STA442H1: Methods of Applied Statistics I
Homework 3
Due March 8, 2024 4:59pm ET
Please submit your assignment as a pdf through Crowdmark.Ideally, make an R markdown document and output a pdf that shows your work. Please include your code (with comments!) with your assignment. Please list any references you used with a full citation. A friendly reminder that AI should not be used to help with this assignment. Feel free to discuss the homework questions with others, but your work and write-up should be your own. Ask questions about the homework on Piazza, and/or in the TA and instructor office hours.

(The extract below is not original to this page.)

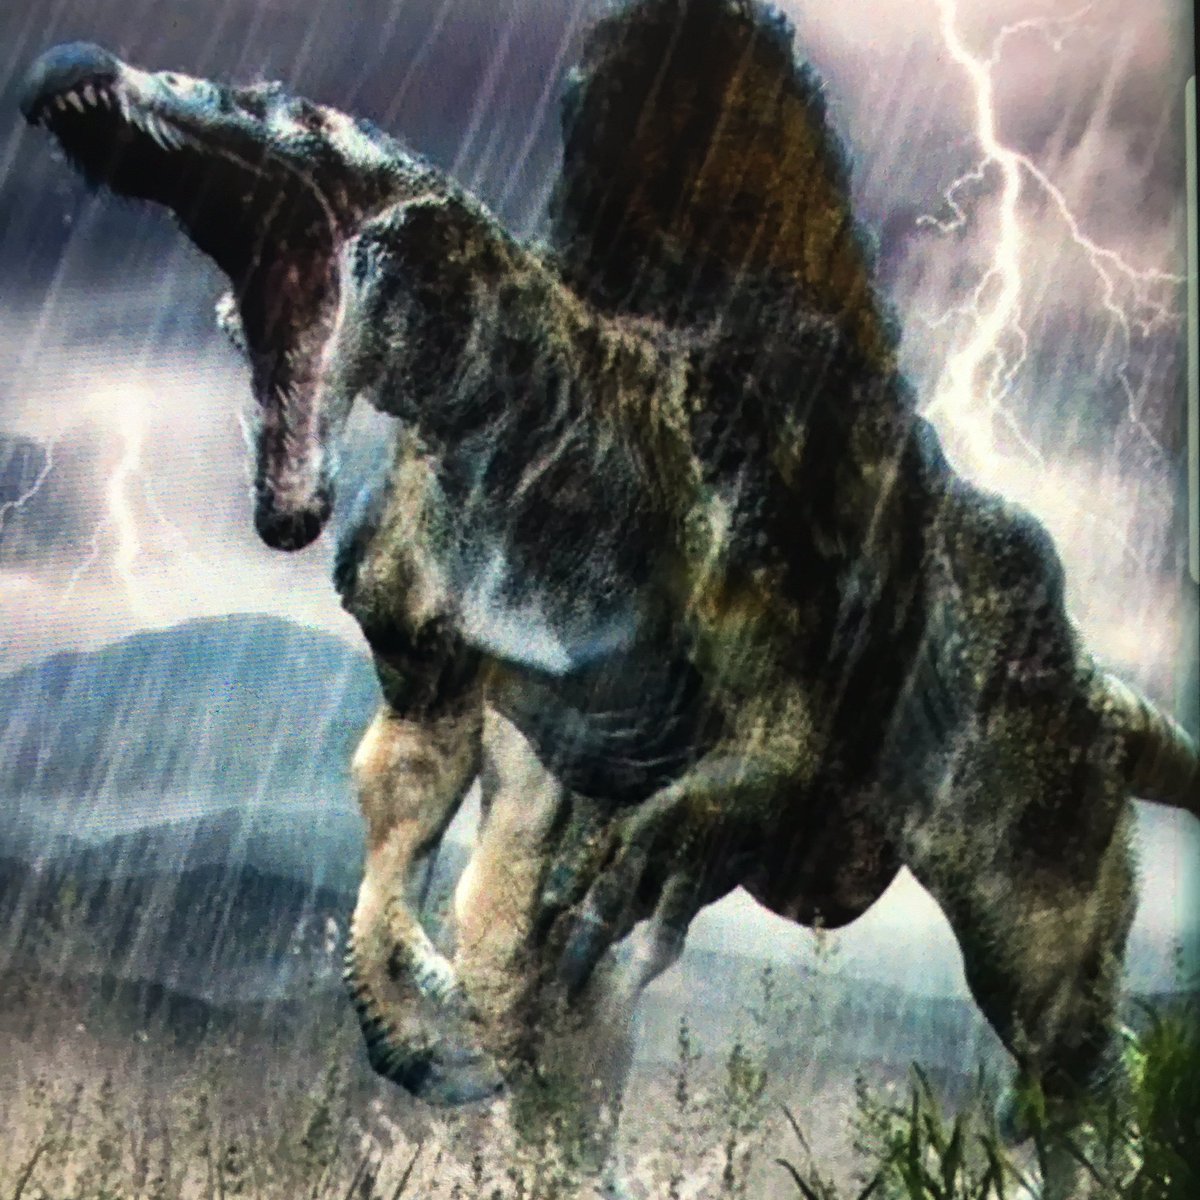 ট ইট র メガロドン 2番目にカッコイイ恐竜はスピノサウルスだなー T Co Olw9reurni ট ইট র

Download the (astronomy!)data file M sigma.csv that is posted on Quercus in the homework section (this example data set was compiled by Hible et al 2017). Each row in the data set is an observation of a galaxy, and each galaxy is measured only once. The columns are as follows:
logsimga → log σ/σ0 , where σ is the central velocity dispersion of stars in the center region of the galaxy and where σ0 = 200km/s,
errlogsigma → measurement error for above
logMbh → log M./M⊙ , where M. is the mass of the galaxy’s central, supermassive black hole and M⊙ is one solar mass unit.
errlogMbh → measurement error for above
Type → categorical variable for the type of galaxy
1. For the following questions, define the covariate as x = log σ/σ0 and the response as y = log M./M⊙ . Ignore the measurement uncertainties in x and ignore the type of galaxy.
(a) Fit a linear regression of y on x using lm. Make a plot that shows the fit and the 90% confidence region, and show the output from the summary statistics. You may use the errors in y, but not required. (3 marks)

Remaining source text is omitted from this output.